|
|
|
Этот либерализм выражался часто в самых детских формах. Во французской
биографии русской дамы, пользовавшейся потом известностью в парижском
образованном свете, генеральши Свечиной, биограф, член французской академии
гр. де Фаллу, передает такой любопытный случай. Свечина, урожденная
Соймонова, была дочь влиятельного частного секретаря Екатерины, имевшего по
должности квартиру во дворце. Раз летом, в 1789 году, воротившись вечером,
Соймонов застал в своей квартире иллюминацию и спросил семилетнюю дочь, что
это значит. "Как же, папа, не признавать падение Бастилии и освобождение
бедных французских узников", - был ответ.

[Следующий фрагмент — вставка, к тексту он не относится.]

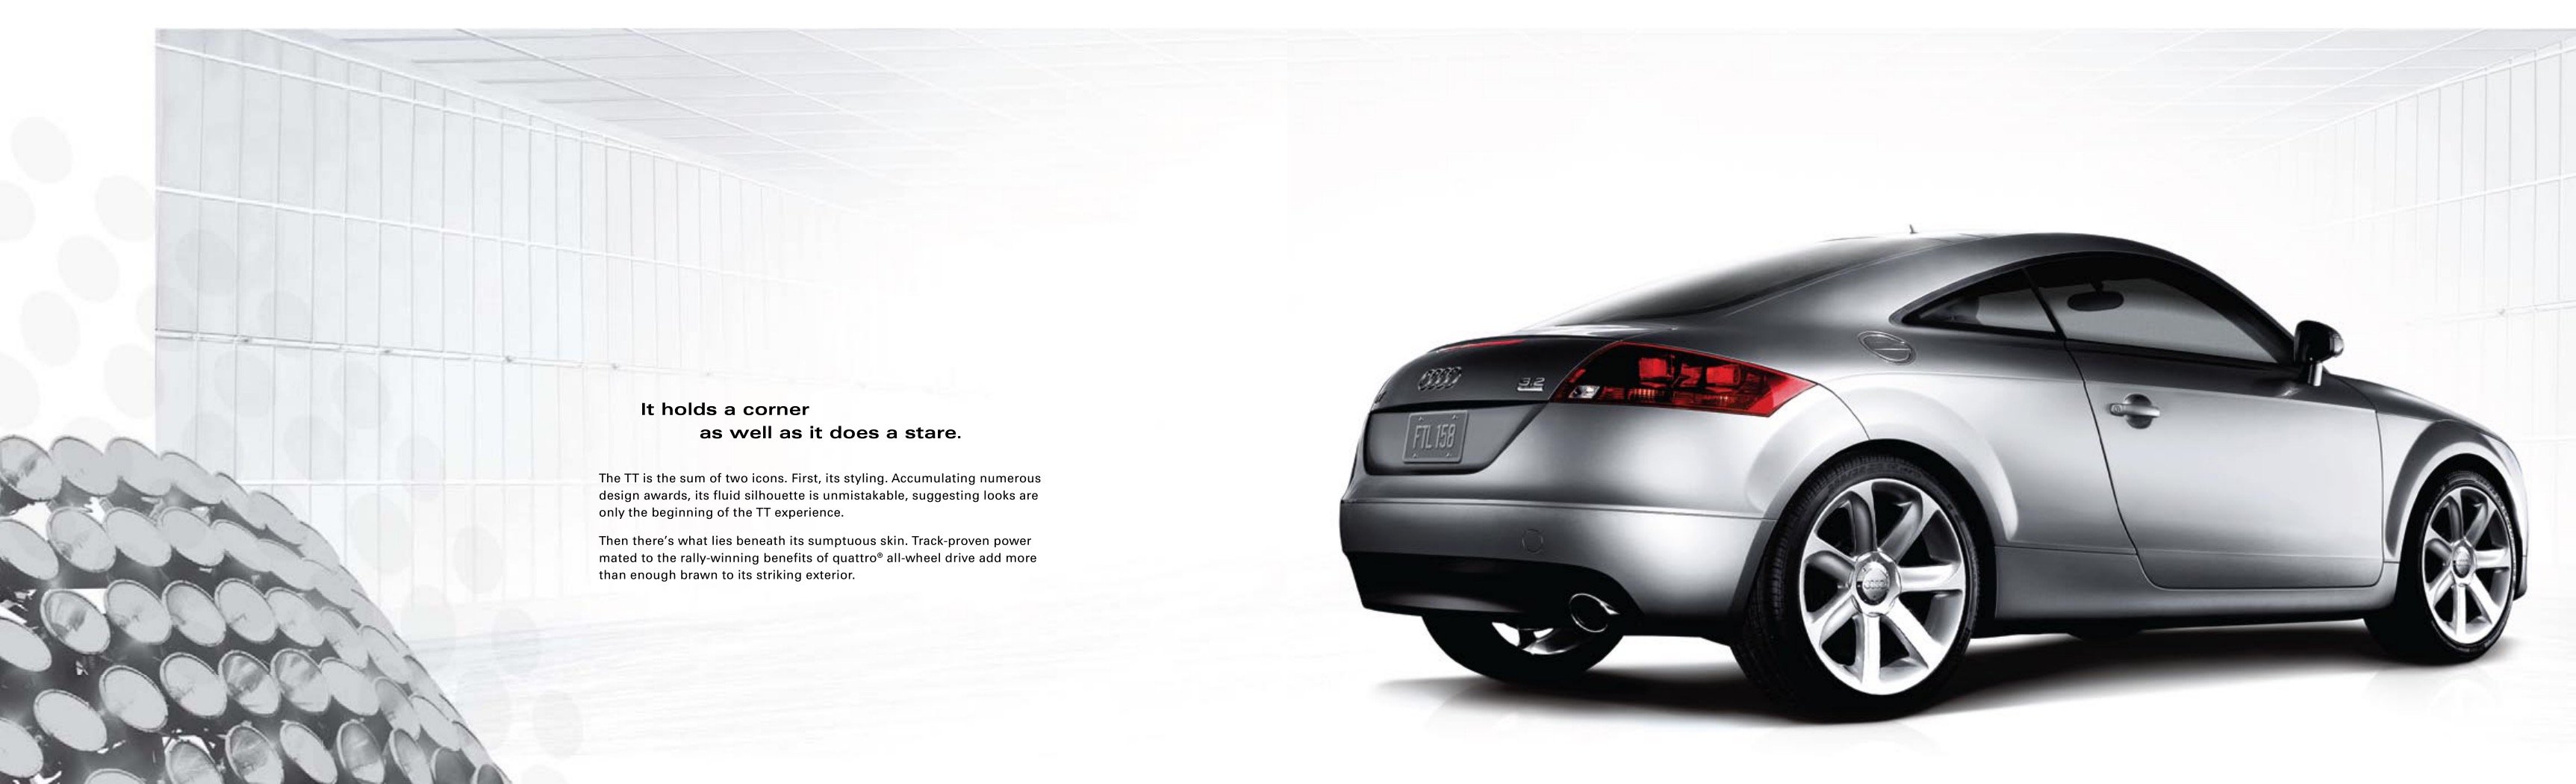 2009 Audi TT Brochure Page 1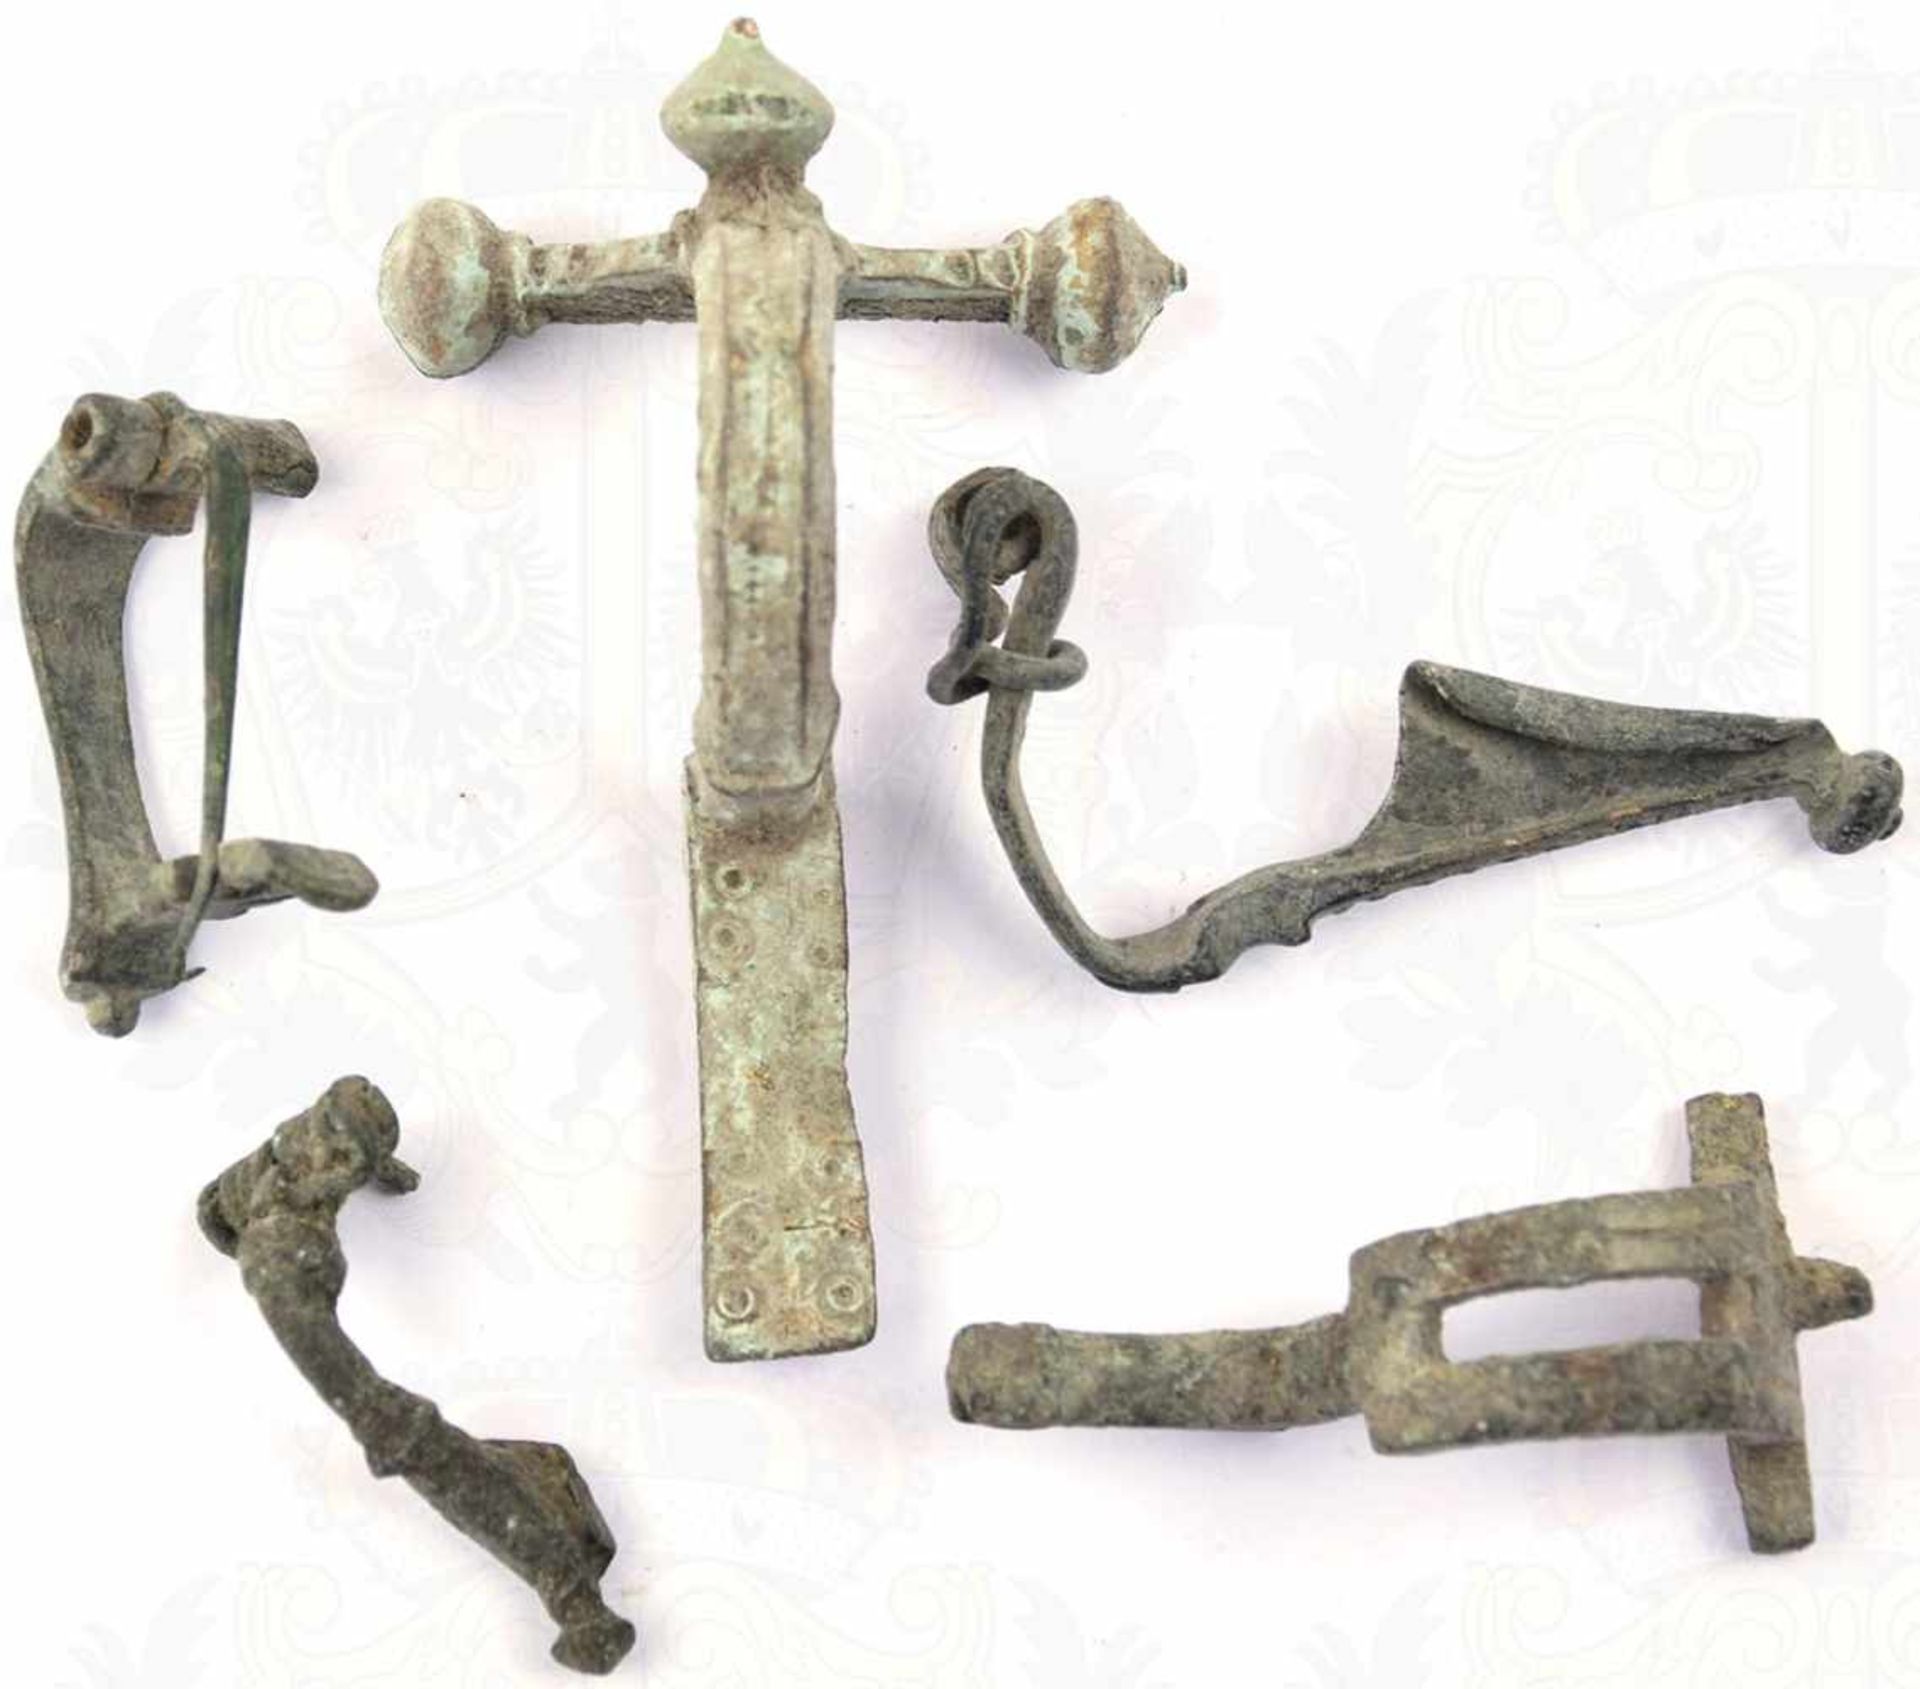 5 GEWANDFIBELN, römisch, gereinigte Bodenfunde, Bronze, alle mit Patina, 4 Nadeln fehlen, 1x

Можно понять, о чем толковали
взрослые, среди которых вращалась девочка. Но господство этого либерализма
ни к чему не обязывало и ничему не научало: под новыми словами, новыми
вкусами и понятиями скрывалась прежняя черствость и грубость гражданского и
нравственного чувства, и эта черствость иногда обнаруживалась в самых
отталкивающих формах. Кн. Дашкова, в молодости так увлекавшаяся французской
литературой, блиставшая на директорском кресле Академии Наук, под старость,
поселившись в Москве, очерствела до того, что все свои чувства
сосредоточила на крысах, которых сумела приручить: она почти никого не
принимала, равнодушно относилась к судьбе своих детей, дралась с прислугой,
но несчастье с крысой трогало ее до глубины души. Начать Вольтером и
кончить ручной крысой умели только люди Екатерининского времени".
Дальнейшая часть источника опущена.